County in quandary over chemical plants

The Apex Industrial Park 20 miles northeast of Las Vegas and the Basic Management Inc. complex near Henderson coexist as the yin and yang of heavy industry in Clark County.

They are two sides of the same coin -- one would not exist without the public safety concerns raised by the other.

But because Apex lacks the two key ingredients for chemical reactions -- cheap water and cheap electricity -- it has failed to fulfill a promise to the public to lure chemical plants out of the densely populated valley.

County officials are hoping to renew interest in Apex under a proposal with a consortium of real estate marketers and construction companies to make Apex more attractive to heavy industry.

Meanwhile, Henderson residents concerned about their safety are questioning a recent rash of chlorine leaks from a plant at BMI.

But BMI officials said their companies, which have operated at the same site for 50 years, have no interest in moving anytime soon. In fact, they're planning to sink millions into plant upgrades and renovations, and build a light industrial complex around the plants to shield them from view.
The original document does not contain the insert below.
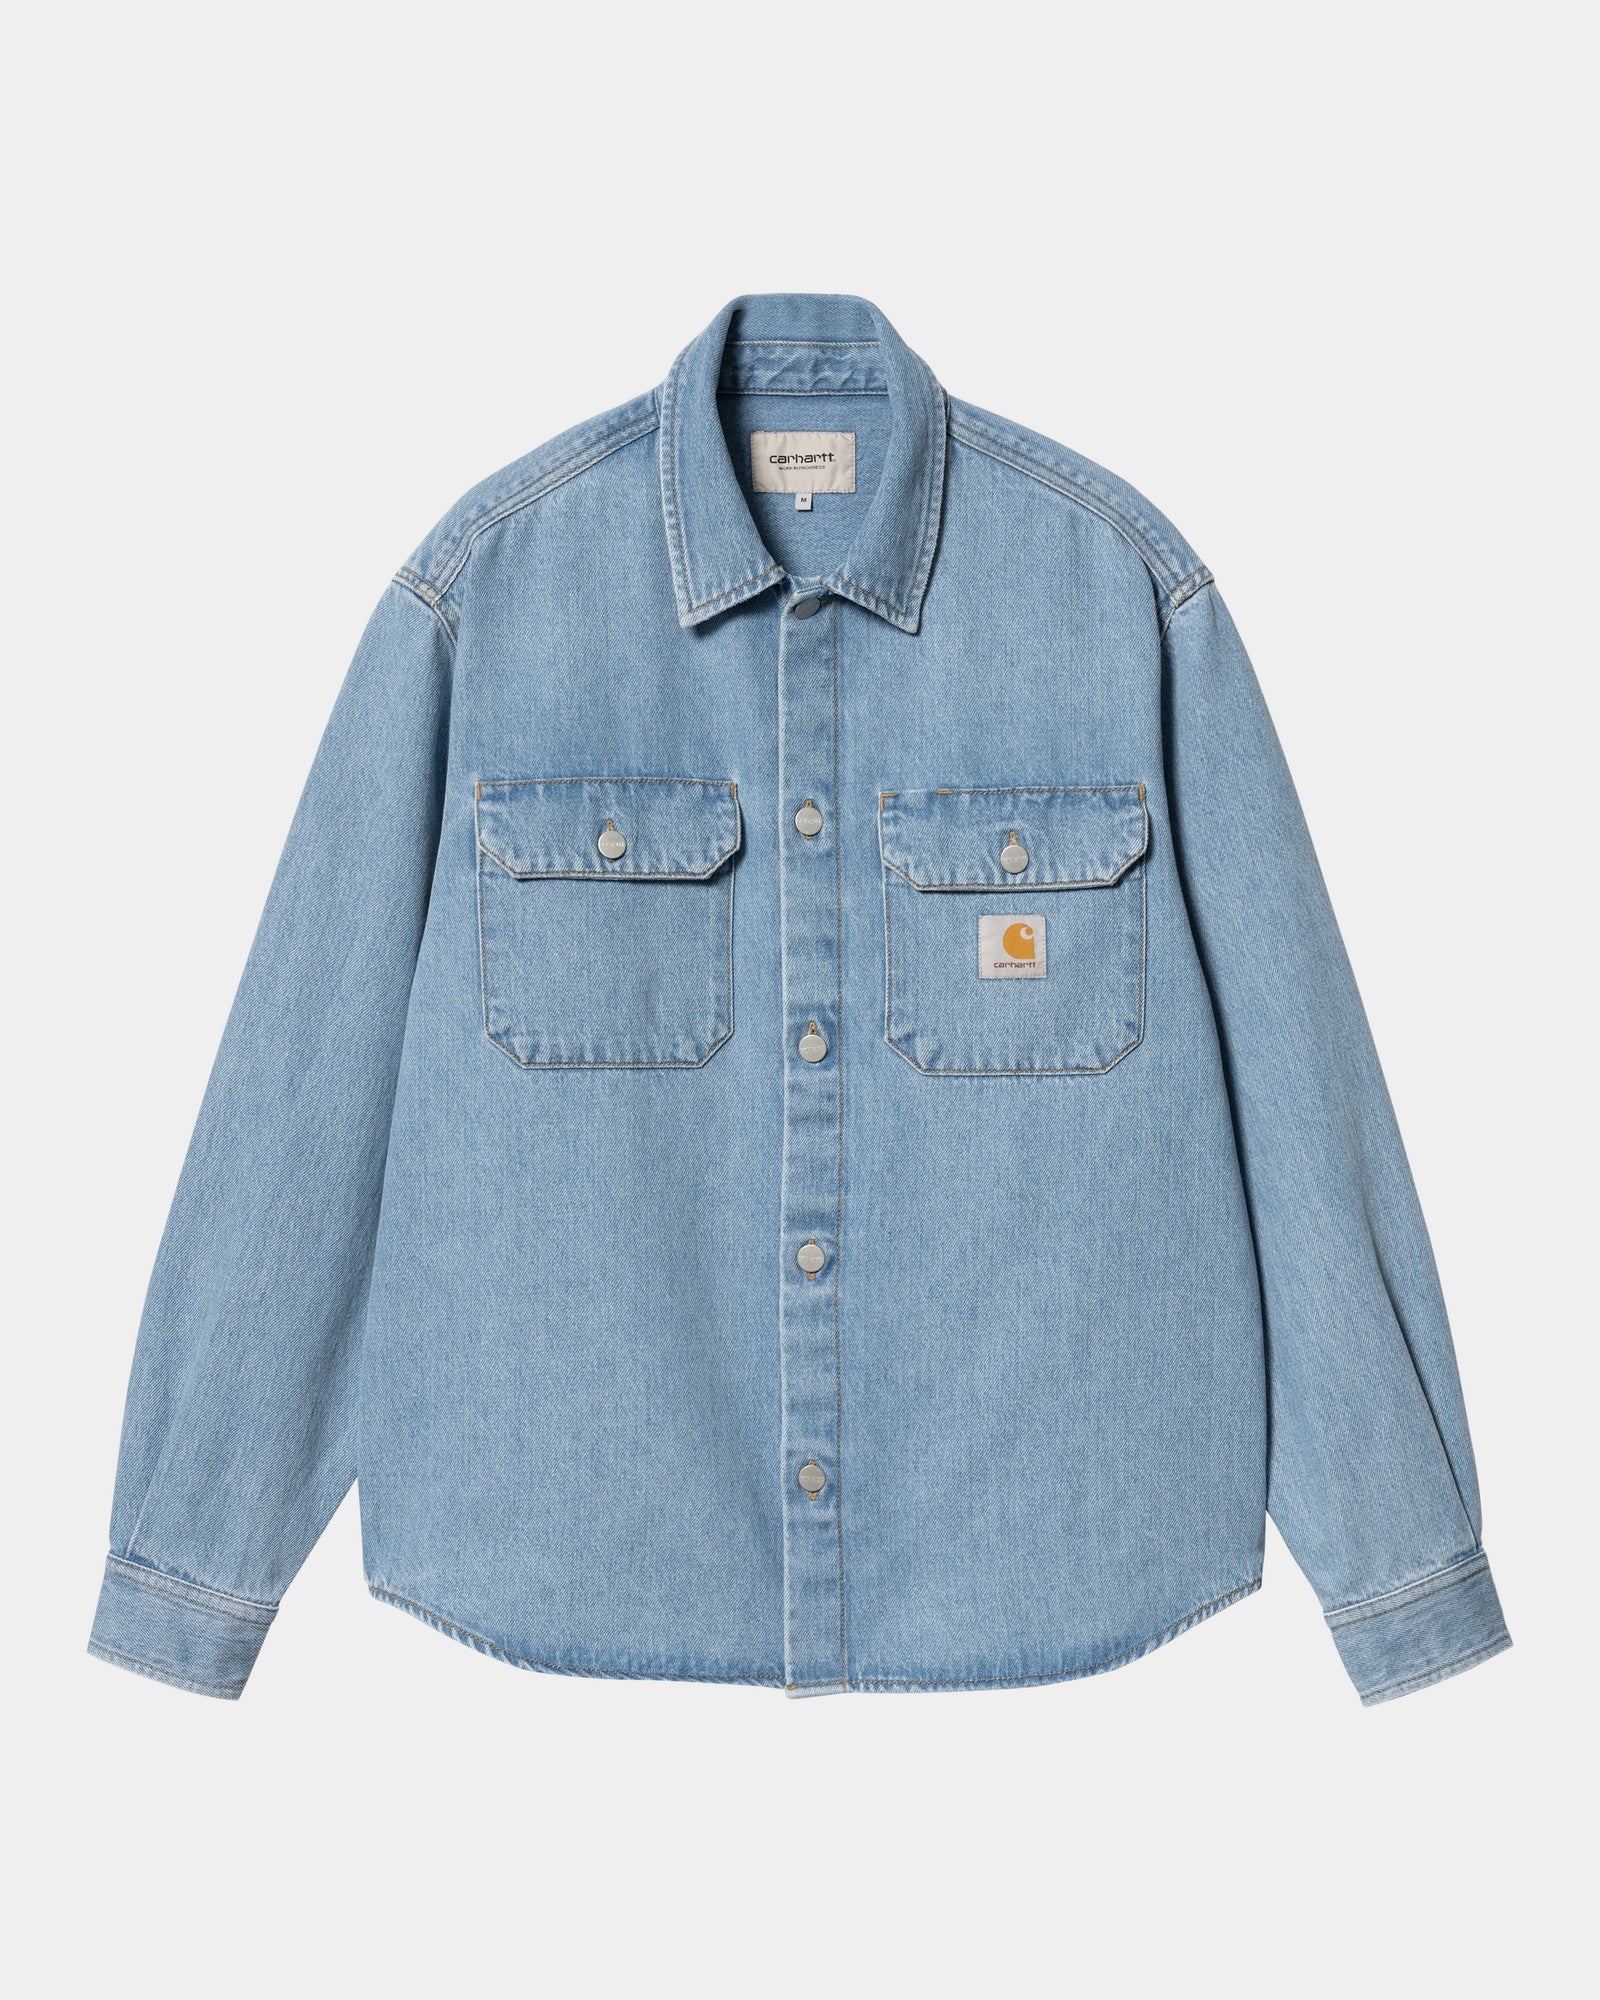 칼하트WIP Carhartt Harvey Shirt Jacket,Blue stone bleached

"I don't ever think there was a desire to move the plants out to Apex," said Dan Stewart, general manager for BMI, the entity that provides water and power to four major chemical plants at its complex.
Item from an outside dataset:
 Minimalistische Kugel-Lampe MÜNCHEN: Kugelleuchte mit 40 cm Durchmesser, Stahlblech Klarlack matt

A blue ribbon panel appointed after a tragic chemical explosion near Henderson in 1988 led the public to believe otherwise.

Following four explosions and a fire at the Pacific Engineering & Production Co. plant that killed two workers and injured 350 others, then-Gov. Richard Bryan appointed a committee to investigate the incident and make recommendations on improving public safety.

The committee -- which included then-Lt. Gov. Bob Miller and County Commissioner Bruce Woodbury -- recommended the removal of hazardous chemical plants from the Las Vegas Valley. The committee also helped draft legislation to create the Apex Industrial Park.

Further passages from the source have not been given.